Get a tach that plugs into the wireharness or Vessel view mobile. If you are going to be keeping this boat for a while, Vessel view is worth it. You are likely reading low with that method and hitting close to 6000rpm because you are under proped what pitch prop is on the boat now?

Did Lund or the dealer mount the motor?


----------



## auger (Mar 6, 2013)

Did you change oil after break in? Make sure to go by manufacturers recommendations. Do not use full synthetic until those rings are fully set. Conventional oil helps heat the rings. Vesselview can also be linked to your dealer, so they can see exactly what you see as far as faults. Money well spent


----------



## fishinfever (Feb 14, 2005)

Last night, I got educated on trim adjustments and I now know I wasn't doing it correctly.
The dealer claims that Lund mounted the motor and they didn't record the rpm during the PDI.

I will get the Vessel View immediately.

The prop is a 13 x 17 4 Blade Spitfire. Now, this is where it all started. After the first time out, I thought it was the prop was the problem so I contacted the dealer and their response was put another person in the boat (we had 2) and Lund is always spot on.

If I use the Mercury Prop Selector I am too light to get a result but if I assume over revving (in the performance section I choose 5800 rpm) then it recommends 12.5 x 19 4 blade which I believe would drop my rpm by about 400. I tried other calculators that agreed. The Quicksilver calculator says 12.5 x 19 or 13 x 19 by weight.

I was inclined to believe that the motor was fine and just try a different prop but I didn't to start changing things without hard facts.

I haven't changed the oil yet. I think I am still in break-in period but I will keep that in mind.

I just remembered something that wasn't in the video. The first time this happened I was at WOT and the rpm was dropping dramatically then jumping back up then back down repeatedly and I held the throttle wide open and is was like fighting Hulk Hogan and scared the crap out of me. All other tests I have slowly worked up to the point where the alarm sounds and the rpm is cut and immediately cut the throttle.
I appreciate the help.

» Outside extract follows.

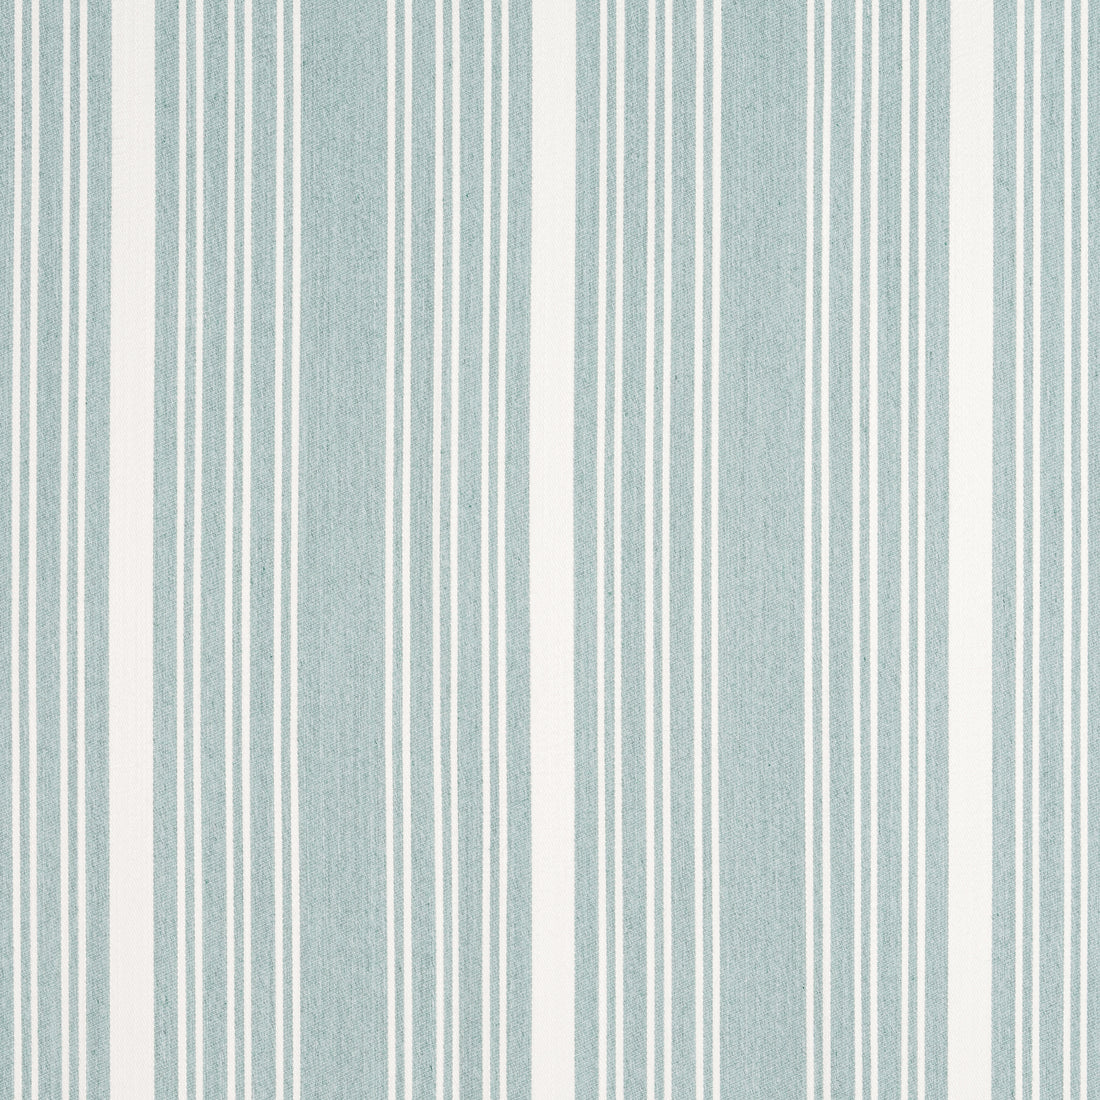 Kaia Stripe fabric in seafoam color - pattern number W8541 - by Thibaut in the Villa collection

Since I am leaving for the UP on the 20th, I may just hold off doing anything until I return. I will just stay below 30 mph. Then get the Vessel View and get serious about getting this fixed.
Thanks a lot, FF


----------



## auger (Mar 6, 2013)

My opinion, finish your break in process. It seems to reset after it faults out. I have the same motor. I never touched WOT in the first 2 hours of break in and if i did it was for a mere 10 seconds.


----------



## bowhunter426 (Oct 20, 2010)

auger said:


> My opinion, finish your break in process. It seems to reset after it faults out. I have the same motor. I never touched WOT in the first 2 hours of break in and if i did it was for a mere 10 seconds.


Mercury really wants the rings seated and encourages WOT during breaking

1. For the first two hours of operation, run the engine at varied
throttle settings up to 4500 RPM or at three‑quarter throttle, and at full throttle for approximately one minute every ten
minutes.
2. For the next eight hours of operation, avoid continuous operation at full throttle for more than five minutes at a time


----------



## fishinfever (Feb 14, 2005)

bowhunter426 said:


> Mercury really wants the rings seated and encourages WOT during breaking
> 
> 1. For the first two hours of operation, run the engine at varied
> throttle settings up to 4500 RPM or at three‑quarter throttle, and at full throttle for approximately one minute every ten
> ...


Yep, this is exactly what I have been trying to follow.

Installed VesselView Mobile. Seems to be paired properly. No Faults. Hours 2.1.
I hope to get out and test again this afternoon and I will report the results.
Thanks, FF


----------



## fishinfever (Feb 14, 2005)

I have completed my report.

First thank you for the advice regarding trim. I started out more than I thought it should be then brought it in slowly while on plane until rpm maxed also it just sounded right. The water was only splashing out about the last half of the boat.

I generated the same 2 faults 2 times at 4720 and 4790 rpm.

2011-23

Guardian

A particular state or condition exists.

Engine : STBD

6/17/2020 5:52:43

Engine Guardian is active. Power will be limited to prevent

engine damage.

Reduce engine speed.


2152-22

Manifold airflow

Relative to a specified threshold, the value is too high.

Engine : STBD

6/17/2020 5:52:47 PM

Mass airflow calculation is above limit.

Service engine soon.

That makes sense because the alarm information that you directed me to says

six beeps during a running failure Failure detected with MAP, MAT*, TPS or Flash Check Sum (ECM)

That pretty much sums it up. I appreciate the help but I think I am going to wait until I return from vacation before I address it.

FF


----------



## bowhunter426 (Oct 20, 2010)

Now you have proof it isnt a prop issue. Have fun on your trip. Any Merc dealer can address that issue


----------



## kroppe (May 7, 2000)

Sounds like a dealer repair under warranty.


----------



## piketroller (Oct 24, 2016)

Call up the closest dealer to where your vacation is, and see if they will do a quick reset of the ECM to get it out of Guardian mode. You might get lucky and be able to swing in on your way up there. Some dealers are really good at helping customers in a pickle like this. I had a problem with the starter on a Yamaha outboard on a Canada trip a decade ago. The dealer in the Soo on the Canadian side got me in and out, and I only missed an afternoon fishing, and that included a 90 minute round trip.


----------



## DirtySteve (Apr 9, 2006)

piketroller said:


> The video shows the boat slowing significantly after running a bit at each speed test point, so it’s not clear this issue is limited to only 4500 RPM. At higher speeds the boat is also plowing very badly, so it doesn’t look like the trim is working properly either.
> 
> A trip back to the dealer should be the next step. Since you went with a dealer 3 hours away, hopefully the money you saved makes up for the extra time it will cost you.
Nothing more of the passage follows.